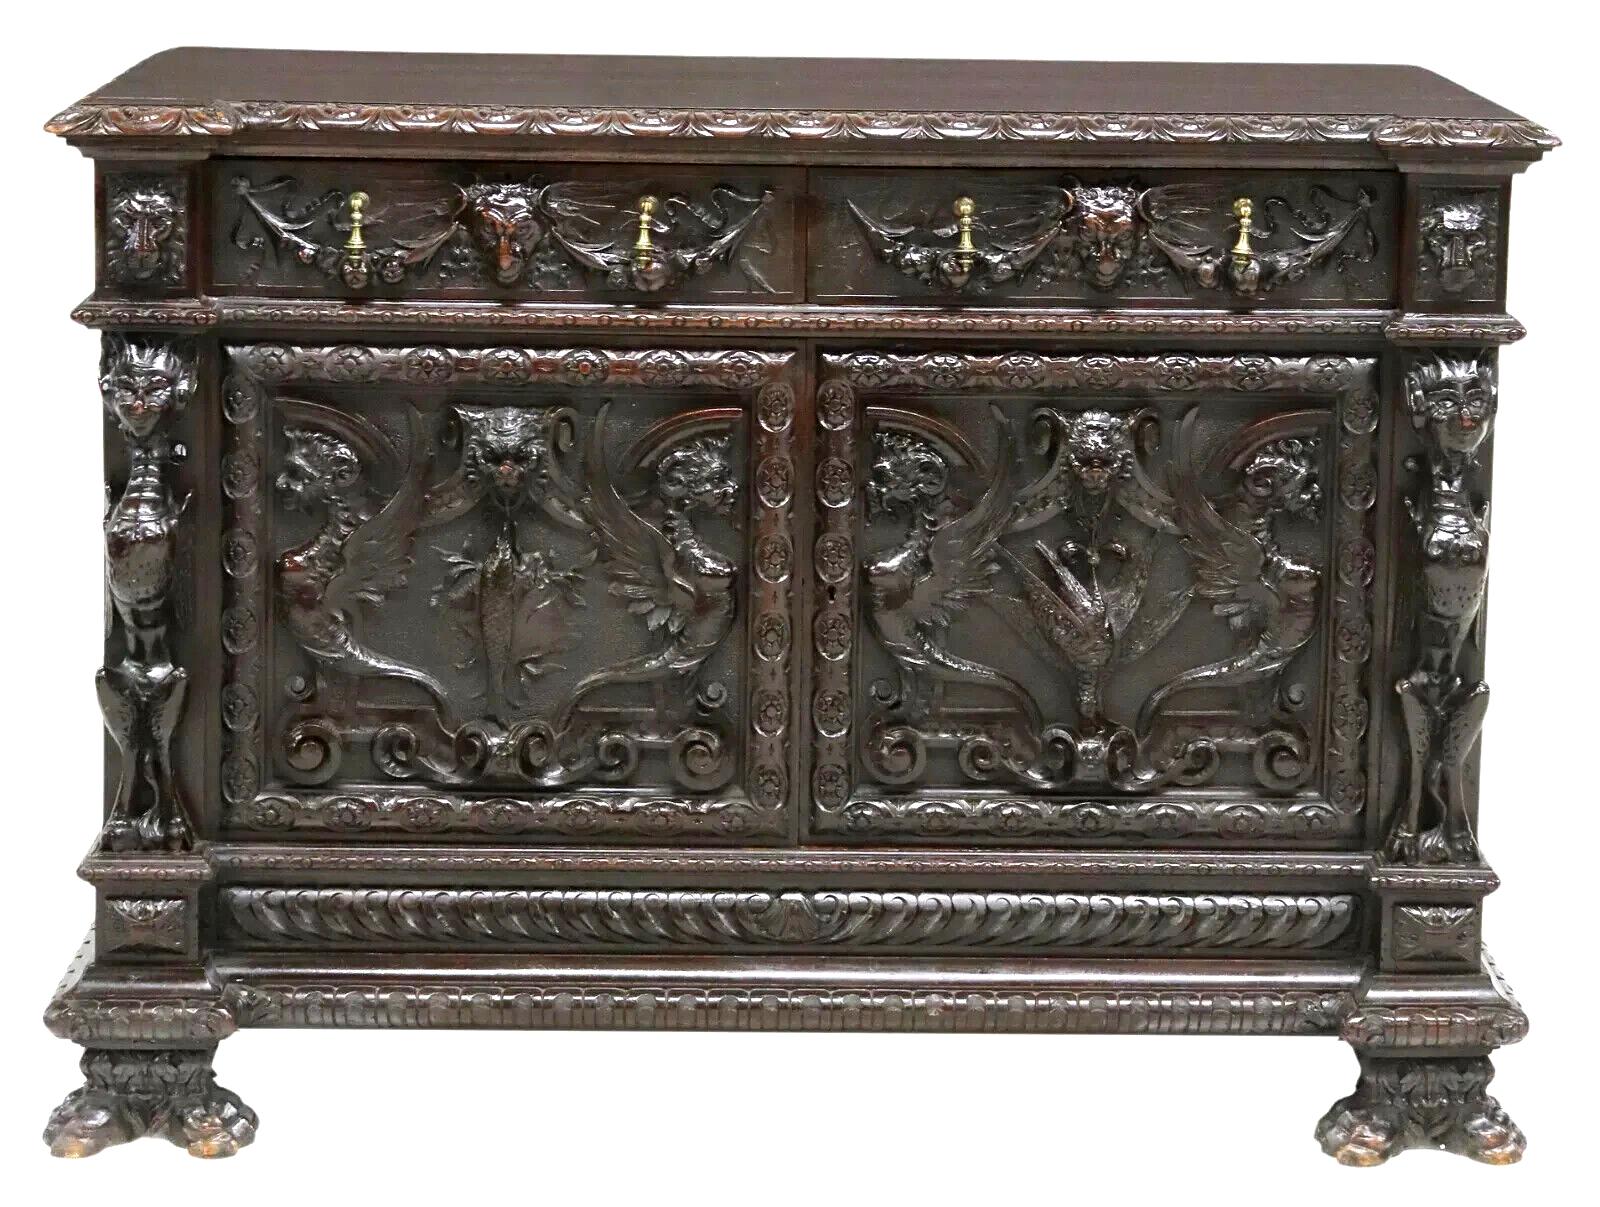 Stunning 1800's Antique Carved, Italian Renaissance Revival, with Lion Masks, Sideboard!!!
Gorgeous Antique Sideboard, Carved, Italian Renaissance Revival, Lion Masks, 1800s, 19th Century!!

This antique sideboard is a stunning piece of furniture
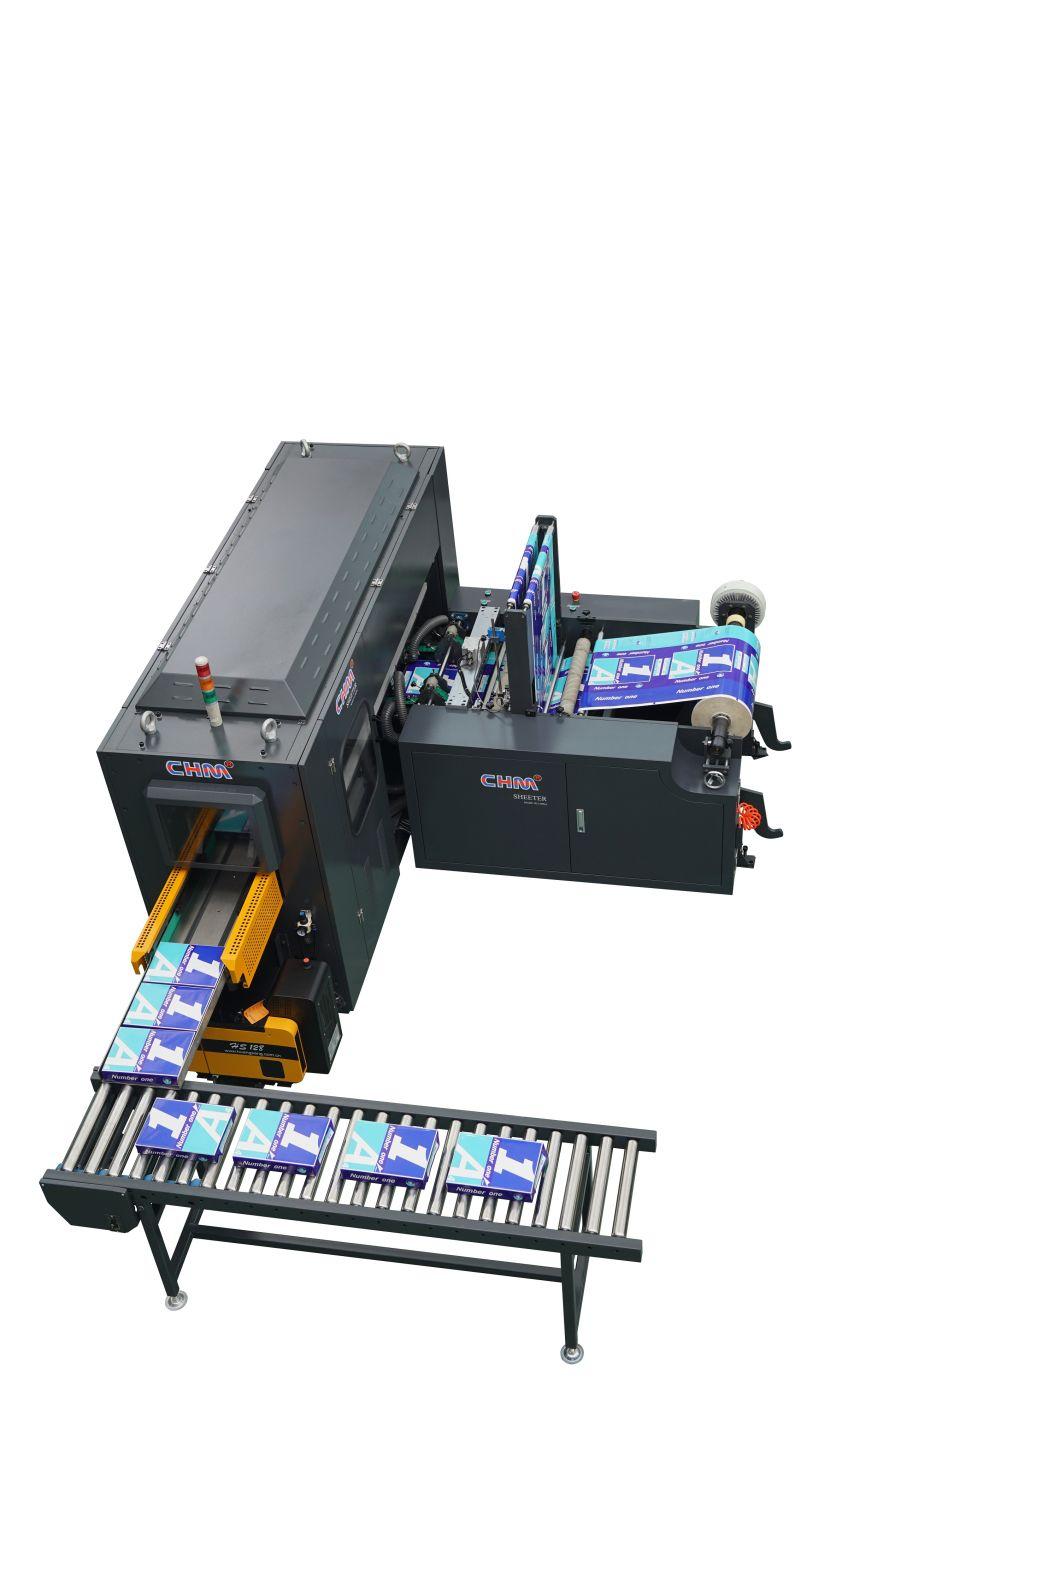 A5 Paper Cutting and Packing Machine
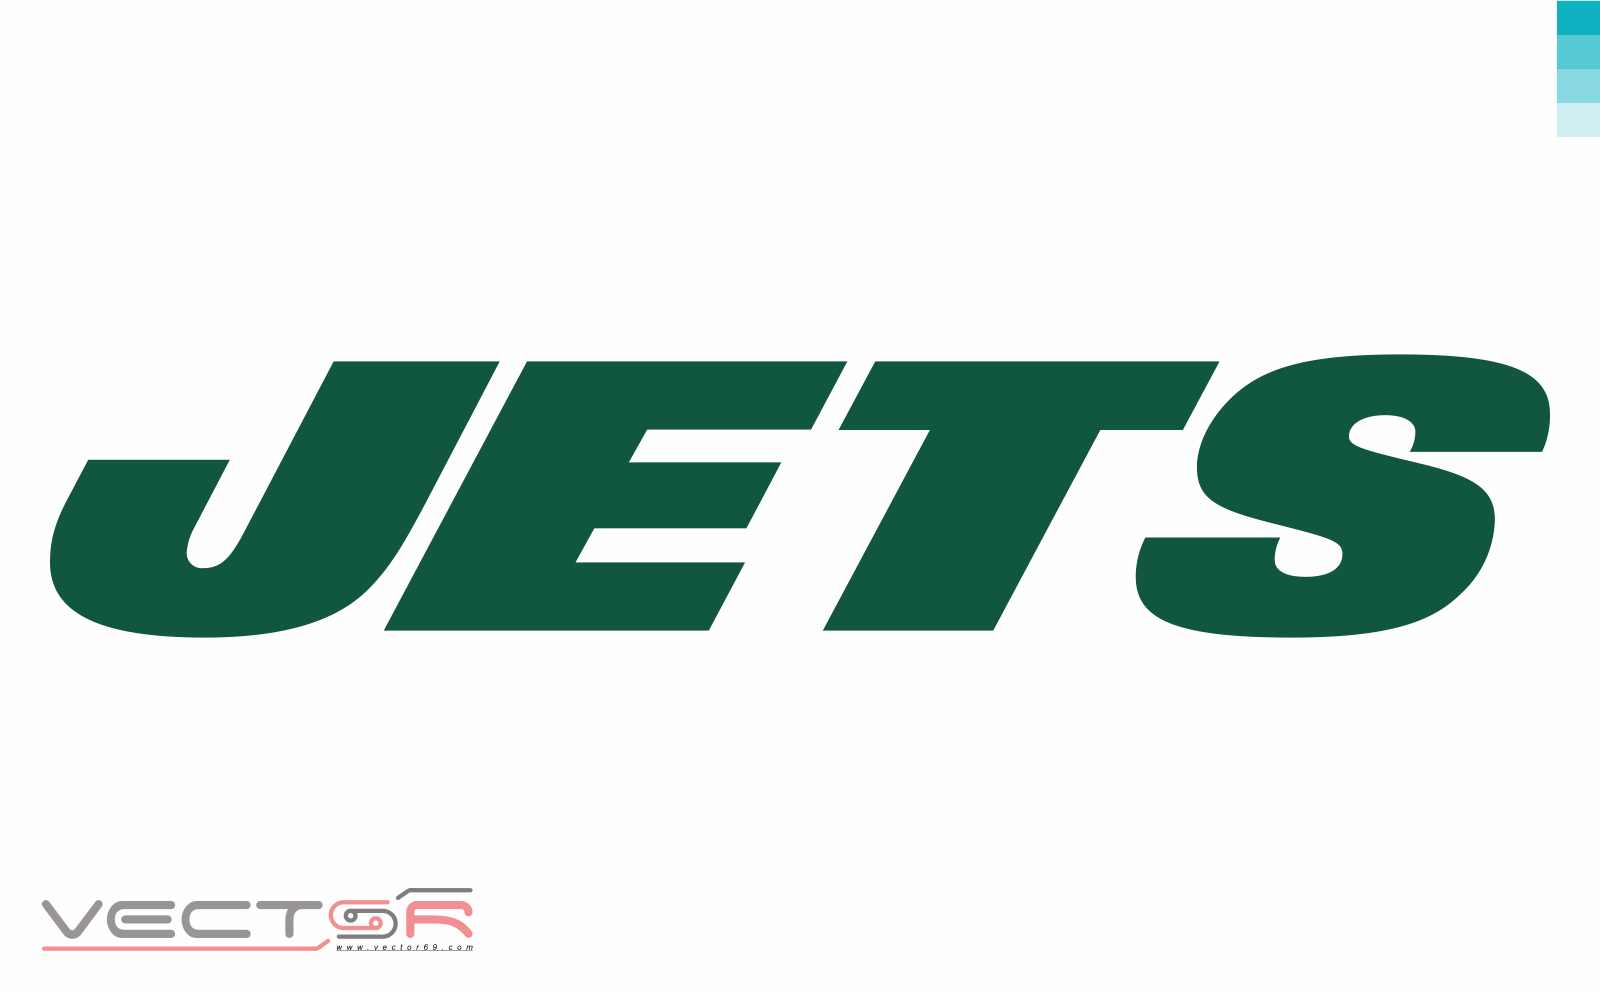 New York Jets Wordmark - Download Vector File SVG (Scalable Vector Graphics)
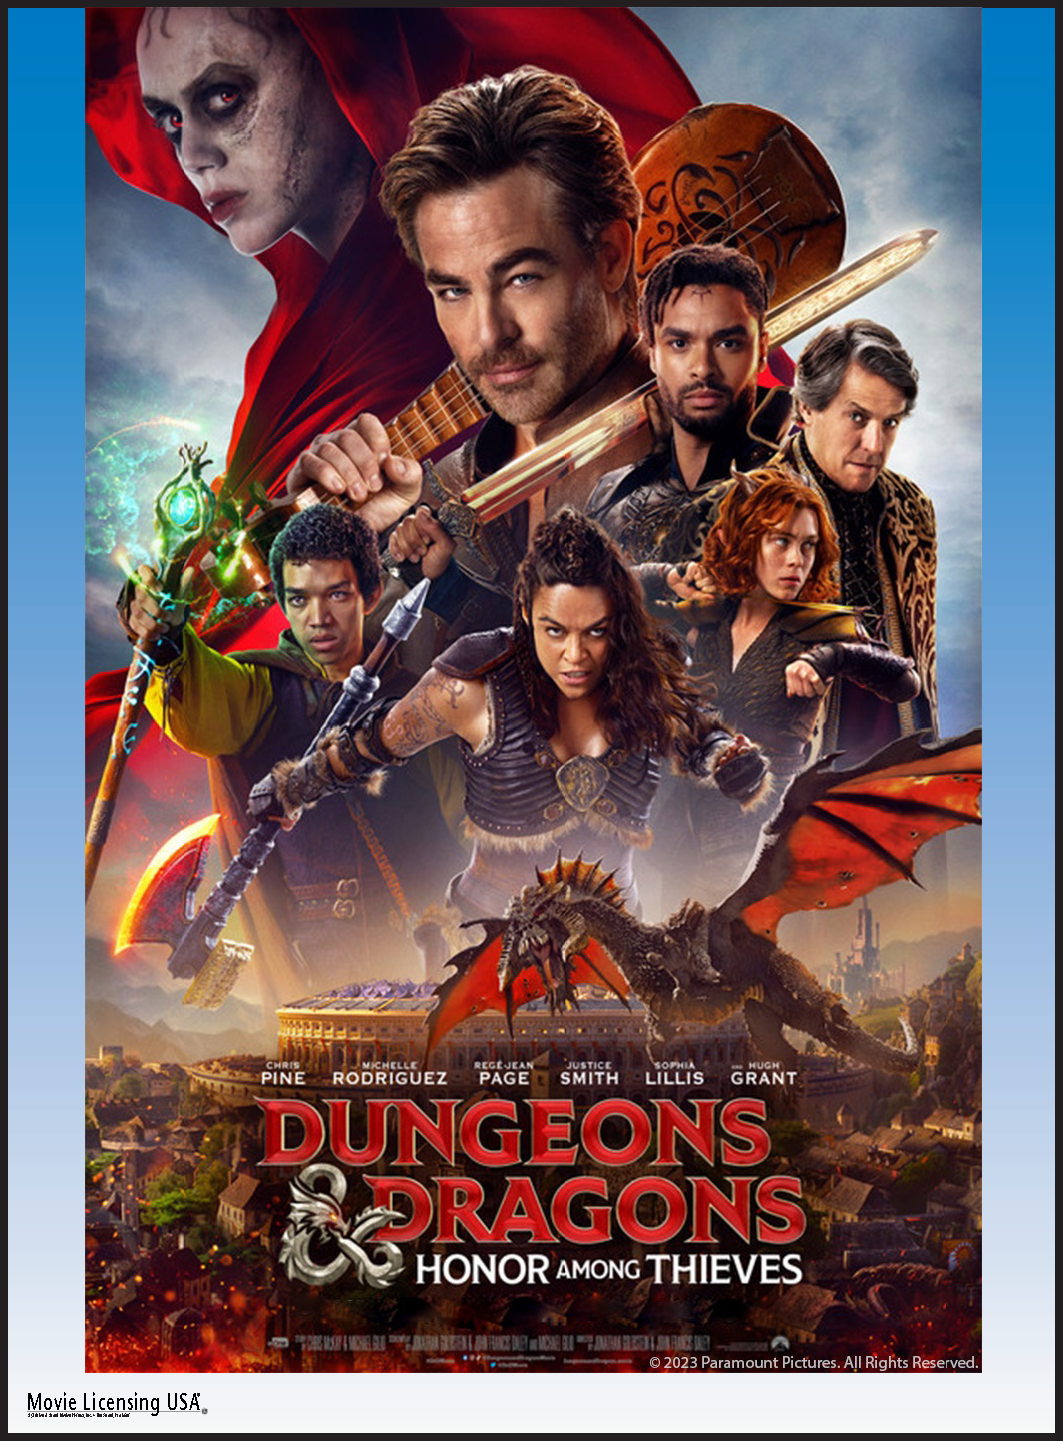 Dungeons & Dragons: Honor Among Theives is Smyrna Public Library's Movie Matinee, playing March 2 at 2pm

+---+

▸ **EXERCISE DESCRIPTION**
Could you print the listing above exactly, without the pictures?

▸ **EXERCISE RESULT**
 Stunning 1800's Antique Carved, Italian Renaissance Revival, with Lion Masks, Sideboard!!!
Gorgeous Antique Sideboard, Carved, Italian Renaissance Revival, Lion Masks, 1800s, 19th Century!!

This antique sideboard is a stunning piece of furniture
 A5 Paper Cutting and Packing Machine
 New York Jets Wordmark - Download Vector File SVG (Scalable Vector Graphics)
 Dungeons & Dragons: Honor Among Theives is Smyrna Public Library's Movie Matinee, playing March 2 at 2pm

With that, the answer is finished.